Every now and then, I check in over at The Institute for Genomic Research (TIGR) to see what new projects they’re up to, as well as to see if they’ve released a particular genome sequence I’m waiting on. Yesterday I noticed this project:
Innovative Metagenomics Strategy Used To Study Oral Microbes
Rockville, MD - The mouth is awash in microbes, but scientists so far have merely scratched the surface in identifying and studying the hundreds of bacteria that live in biofilm communities that stick to the teeth and gums.
In an innovative new project that could help improve the detection and treatment of oral diseases, scientists are now using a metagenomics strategy to analyze the complex and difficult-to-study community of microbes in the oral cavity.
In recent years, molecular methods have indicated that there are well over 400 species of bacteria in the oral cavity. But, so far, only about 150 of those species have been cultured in laboratories and given scientific names. Using a metagenomics sequencing strategy, TIGR scientists will be able to identify bits and pieces of the DNA of many of those oral microbes that so far have not been grown in labs and studied.
Now, I know that there are an insane amount of microbes in the mouth, but 400 species? Holy cow.
For anyone who may be unfamiliar with the microbiology of plaque, it’s an incredibly complex mixture consisting of both bacterial and host cells, as well as inorganic material such as calcium and phosphate. The formation of plaque has been fairly well-studied, and can be broken down into several steps.
1) Pellicle formation. This begins as soon as teeth are cleaned. Substances (mainly glycoproteins) in your saliva then adhere to your teeth.
2) In the next step, the pellicle-coated teeth is colonized by a number of gram-positive bacteria, including several strains of Streptococci. These “primary colonizers” produce proteins which allow for attachment and adherence to the pellicle-coated tooth surface.
3) Plaque on the surface then increases as the primary colonizers divide, and as secondary colonizers attach to the primary colonizers, and multiply in number as well. Secondary colonizers include gram-negatives such as Prevotella intermedia and Capnocytophaga species (as well as many others).
4) Tertiary colonizers (generally ~1 week post-brushing–so hopefully most of us aren’t too familiar with them!) These include species of Porphyromonas, Campylobacter, and Treponema, and again, many others. By this time, metabolic reactions in the biofilm may lead to predictable structures in some members of the plaque: for example, a “corn cob” like array of cocci bound to filaments within the biofilm.

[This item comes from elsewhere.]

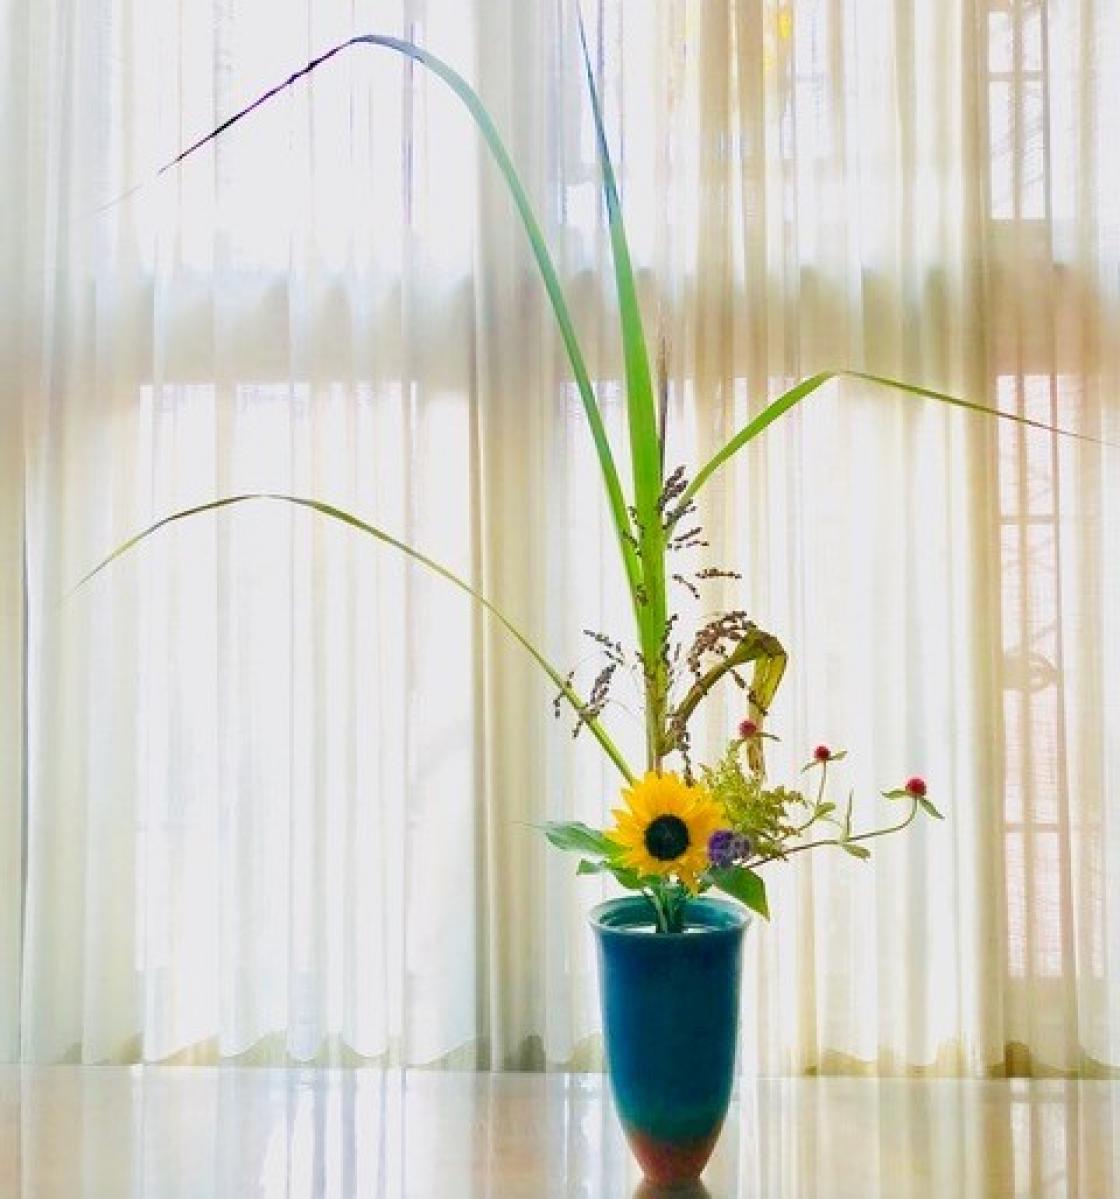 Photograph of an ikebena floral arrangement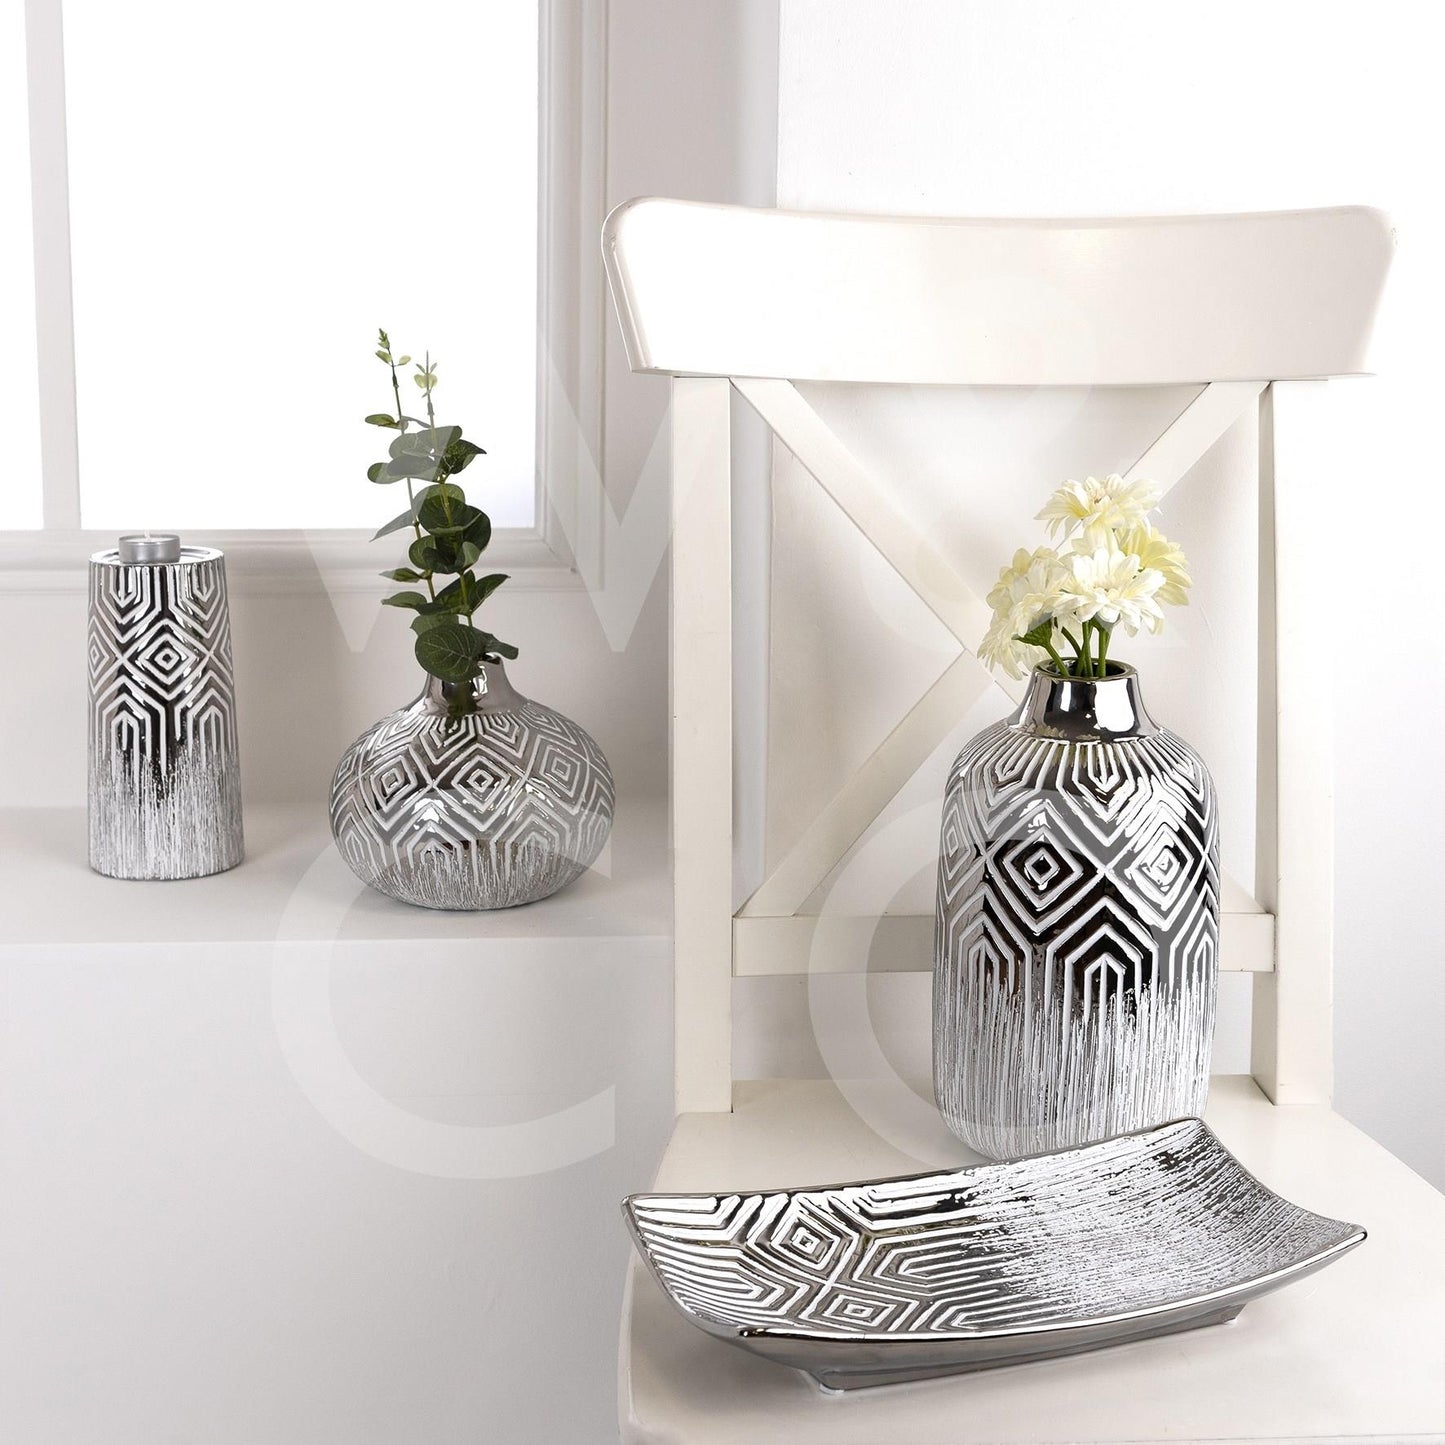 Silver & White Geometric Vase Large

While some of the bacteria present feed off of oral nutrients supplied by the host (such as sugars), others within the plaque rely upon nutrients produced by other bacteria within the biofilm. Additionally, some species produce products which inhibit the growth of other species in the biofilm; for example, peroxide or acids. And of course, these acids also play a role in producing the characteristic holes in your teeth that can come from regular accumulation of dental plaque.
Nishihara and Koseki provide this schematic of the current model of dental plaque formation:
Of course, plaque are not the only biofilm we know of. They’re everywhere: on your shower curtain, on medical devices implanted in patients, on rocks in rivers and streams, and in your nose. While the sheer number of different organisms a biofilm may contain makes it a challenge to study, I personally relish that challenge, and would much rather tackle it than throw my hands in the air and say it’s “too complex” to have come about naturally.